July 13, 2022

Young, Coons Introduce Bill to Counter Economic Coercion of Allies

WASHINGTON – Today, U.S. Senators Todd Young (R-Ind.) and Chris Coons (D-Del.) introduced the Countering Economic Coercion Act of 2022 to provide meaningful support to partners and allies facing economic pressure and retaliation from foreign adversaries. The bill equips the President with new tools to reduce the impact of economic coercion by strengthening trade and commerce ties with partners on an expedited basis. As some nations around the world continue to deploy punitive and discriminatory economic measures against American partners, particularly those with smaller economies, this legislation will ensure that our shared economic and security interests are safeguarded from foreign threats.  

 

“Some foreign adversaries think they can drive a wedge between Western allies by using economic intimidation or by harming economies through opaque, informal actions. These threats and grabs for power cannot go unchecked,” said Senator Young. “Our bipartisan bill will provide the flexibility to help our foreign partners on an expedited basis when they are targeted for standing up to authoritarian regimes. By supporting our partners under threat, we protect America’s own national security interests.” 

 

“Providing targeted support to allies and partners struggling with the impacts of economic coercion will not only help bolster their own resilience against these actions, but it will also help safeguard American economic and security interests,” said Senator Coons. “Countries like China and Russia have increasingly utilized these tactics to bully smaller countries and undermine the democratic, rules-based international system.
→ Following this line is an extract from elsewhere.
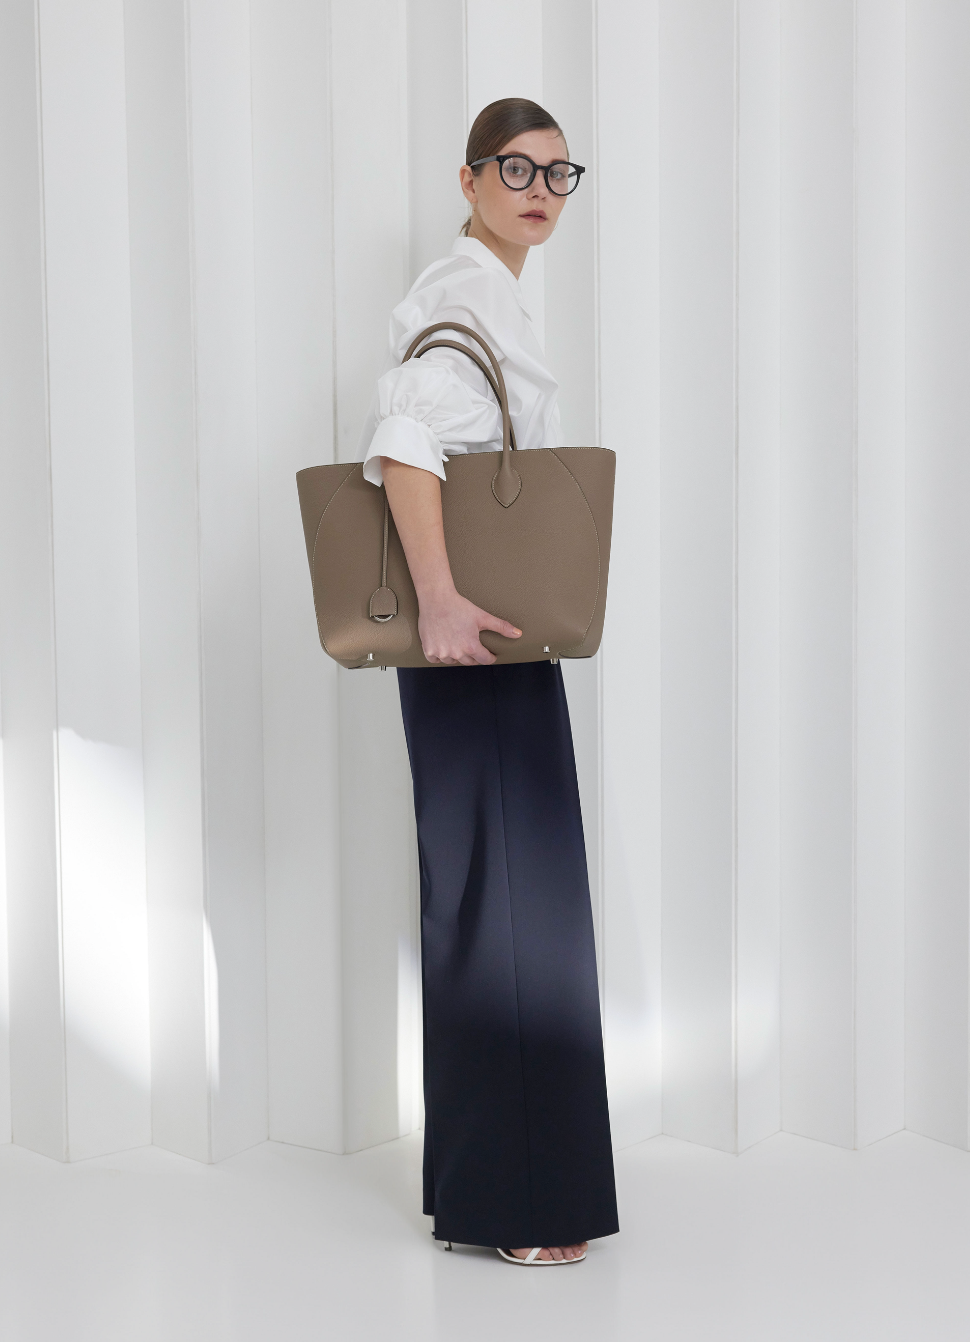 Uma mulher de negócios transporta a mala de couro perfeita para o dia a dia no escritório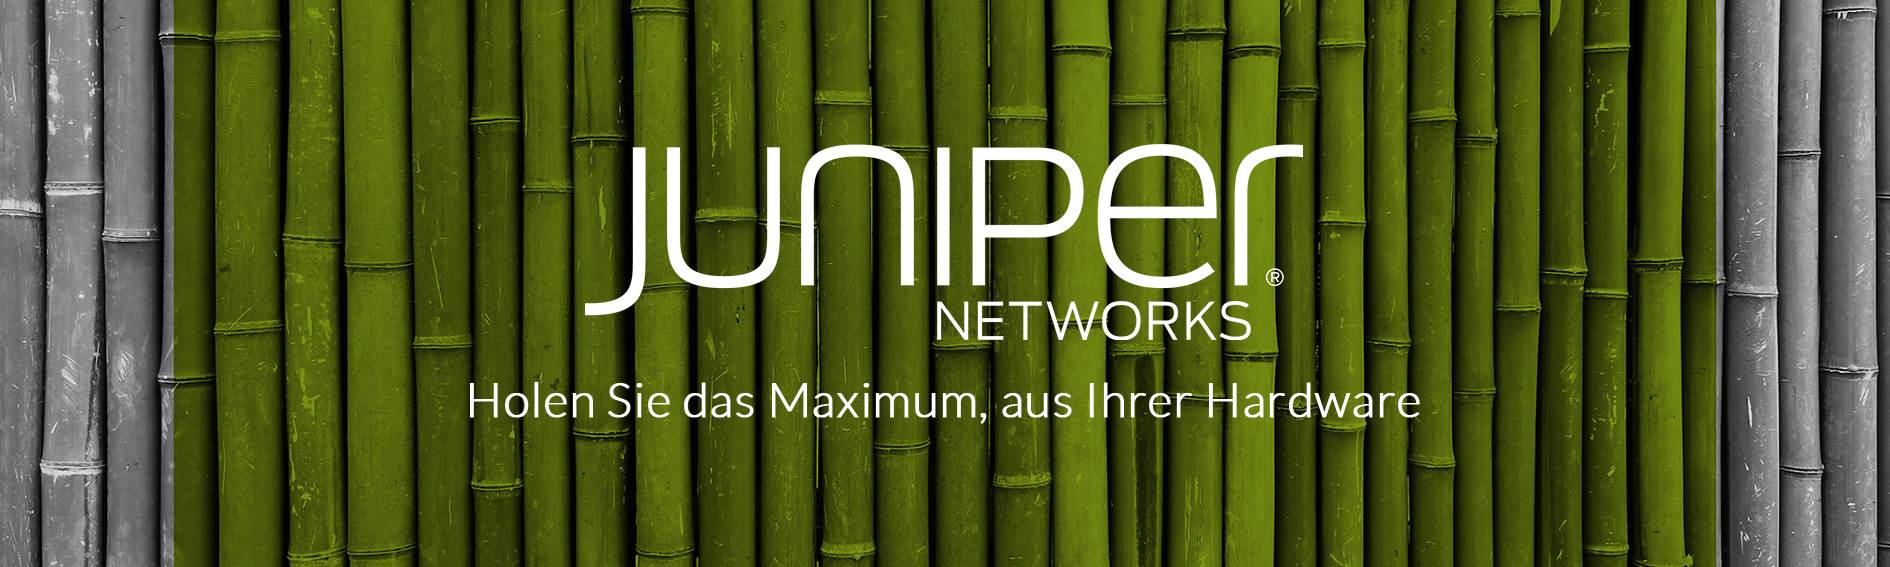 Juniper Networks Logo mit Text auf Bambus Hintergrund

I’m proud to work with Senator Young to provide new tools to help our allies can stand up to economic coercion.” 

  

The Countering Economic Coercion Act of 2022 would provide the President with specific tools to offer rapid and effective economic support to foreign partners targeted by economic coercion, including authorities to:

 

  • Decrease duties or modify quotas on imports from the foreign partner to make up for lost exports to other nations due to coercive actions;
  • Expedite export licensing decisions and regulatory processes to facilitate trade; 
  • Seek appropriations to support foreign aid, export financing, and sovereign loan guarantees; and
  • Waive certain policy requirements to facilitate export financing.

 

The bill directs the President to seek to coordinate the U.S. response with other allies in order to provide comprehensive economic relief and demonstrate broad resolve against economic coercion.  

 

In determining whether economic coercion is taking place, and deciding whether and how to support the targeted country, the President would be required to consult with Congress to ensure proper congressional oversight of any actions. Any determination of economic coercion — and any authorities exercised under a determination — would sunset after two years, or upon a joint resolution of Congress.

 

Text of the bill is available here.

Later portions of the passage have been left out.